MST2 and SAV1 increase the levels of PPARγ by increasing its protein stability

Because we noticed that PPARγ protein levels were always elevated upon the co-expression of SAV1 and MST2, we examined PPARγ protein expression more carefully. PPARγ protein levels were increased by SAV1 in a dose-dependent manner and were further augmented by MST2 (Figure 3A). To determine the half-life of PPARγ, 293 cells were transfected with combinations of PPARγ with SAV1 and/or MST2, and PPARγ protein levels were examined at various times after blocking protein translation with cycloheximide.

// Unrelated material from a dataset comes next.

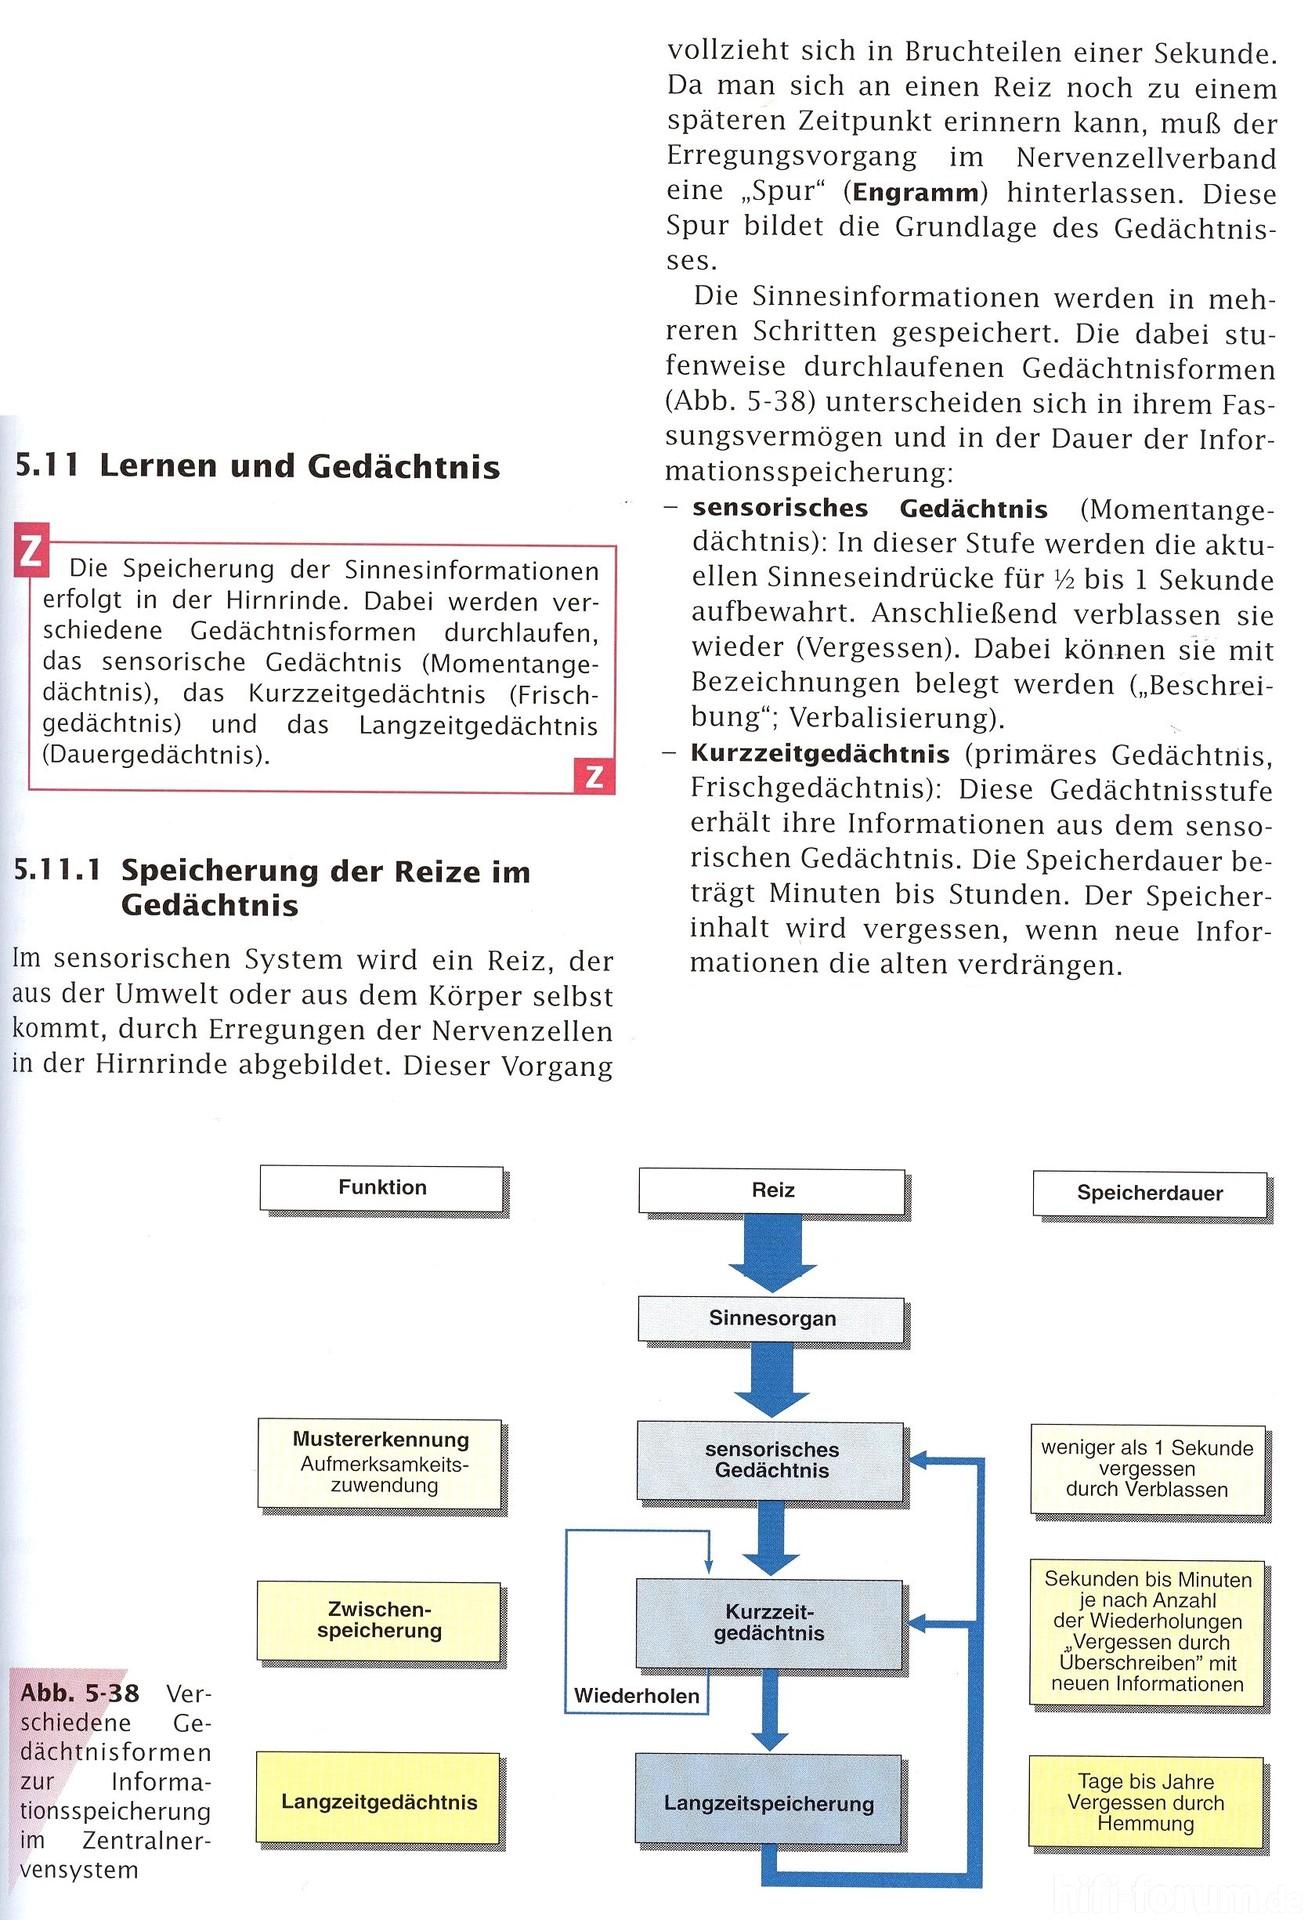 Ausgezeichnet Anatomie Der Hirnrinde Ideen - Menschliche Anatomie ...

PPARγ expressed alone degraded rapidly with a half-life of 4 h, but co-expression of SAV1 and/or MST2 significantly inhibited the degradation rate of PPARγ, extending the half-life up to 5.5-fold (Figure 3B). MST-KD, a kinase-inactive mutant did not enhance the PPARγ protein stability as efficient as wild-type MST (MST-WT). This is consistent with the result that MST2-KD is not as efficient as MST-WT in stimulating the physical interaction of SAV1 and PPARγ (Figure 1A).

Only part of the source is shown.